[Extracted entries]
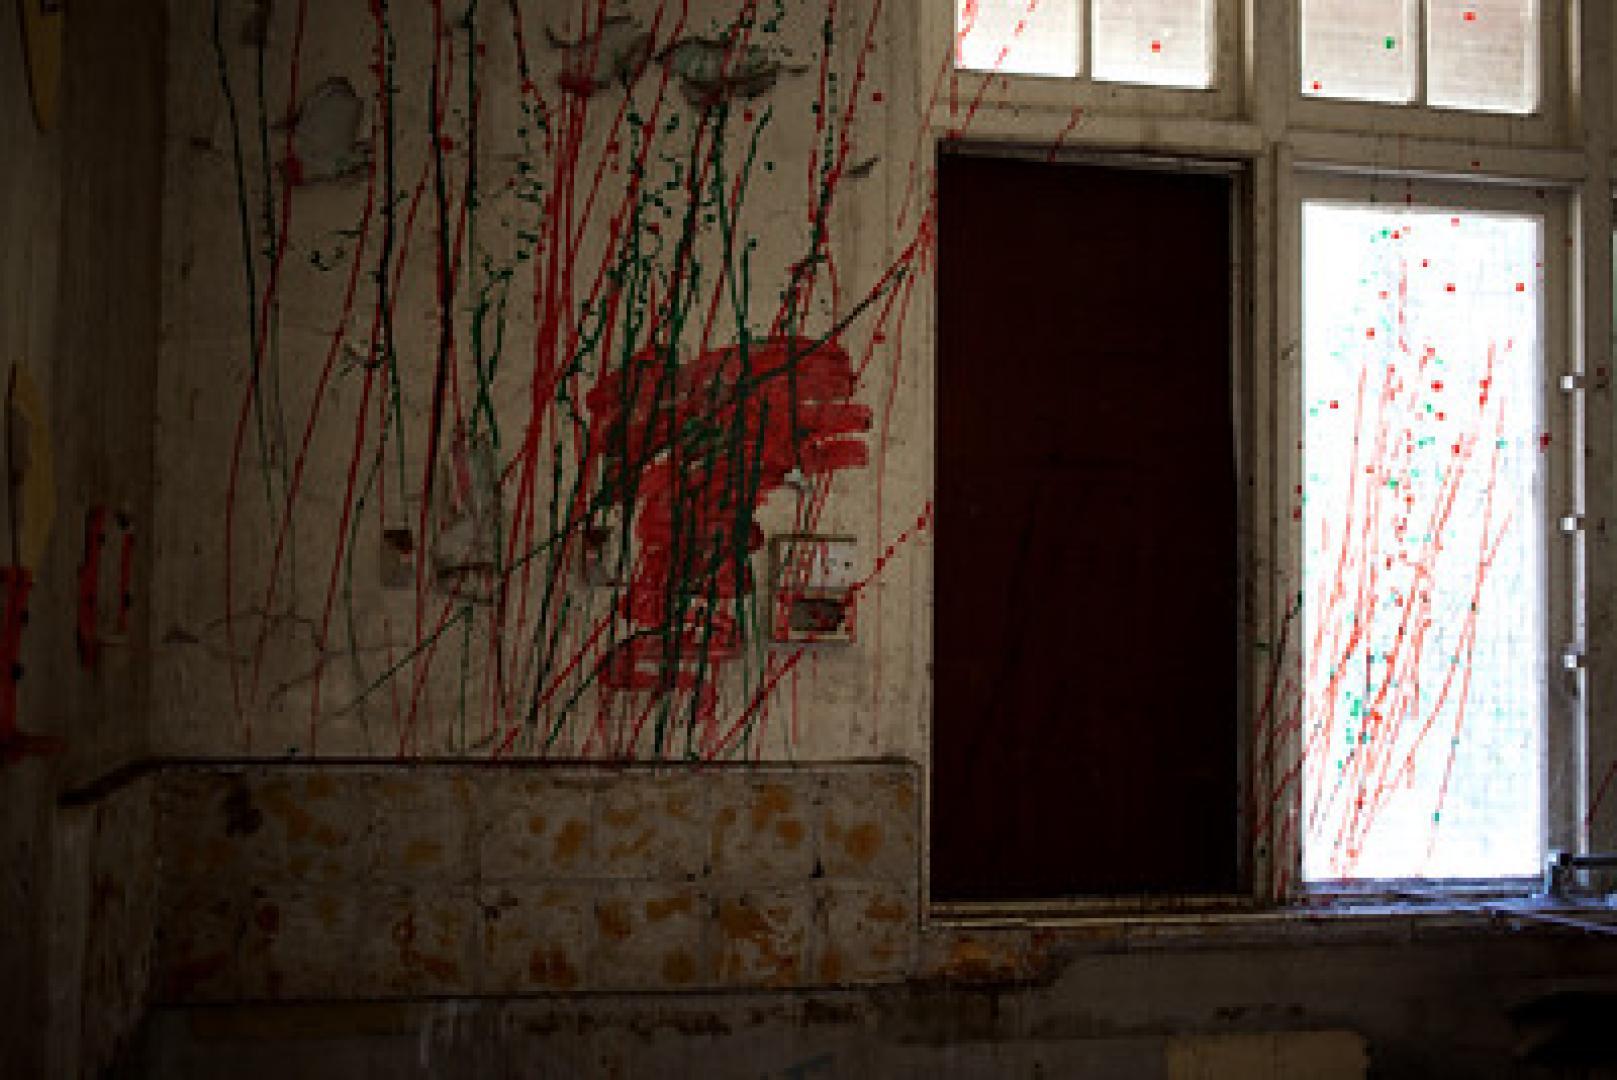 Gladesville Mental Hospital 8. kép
[/Extracted entries]
[Extracted entries]
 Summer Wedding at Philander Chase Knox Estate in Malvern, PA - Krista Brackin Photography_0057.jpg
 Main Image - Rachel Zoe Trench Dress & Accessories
[/Extracted entries]
Activity: Output exactly one stretch of the listing: from the line containing "Summer Wedding at" through the line containing "Main Image - Rachel", both end lines included.

Your solution:
 Summer Wedding at Philander Chase Knox Estate in Malvern, PA - Krista Brackin Photography_0057.jpg
 Main Image - Rachel Zoe Trench Dress & Accessories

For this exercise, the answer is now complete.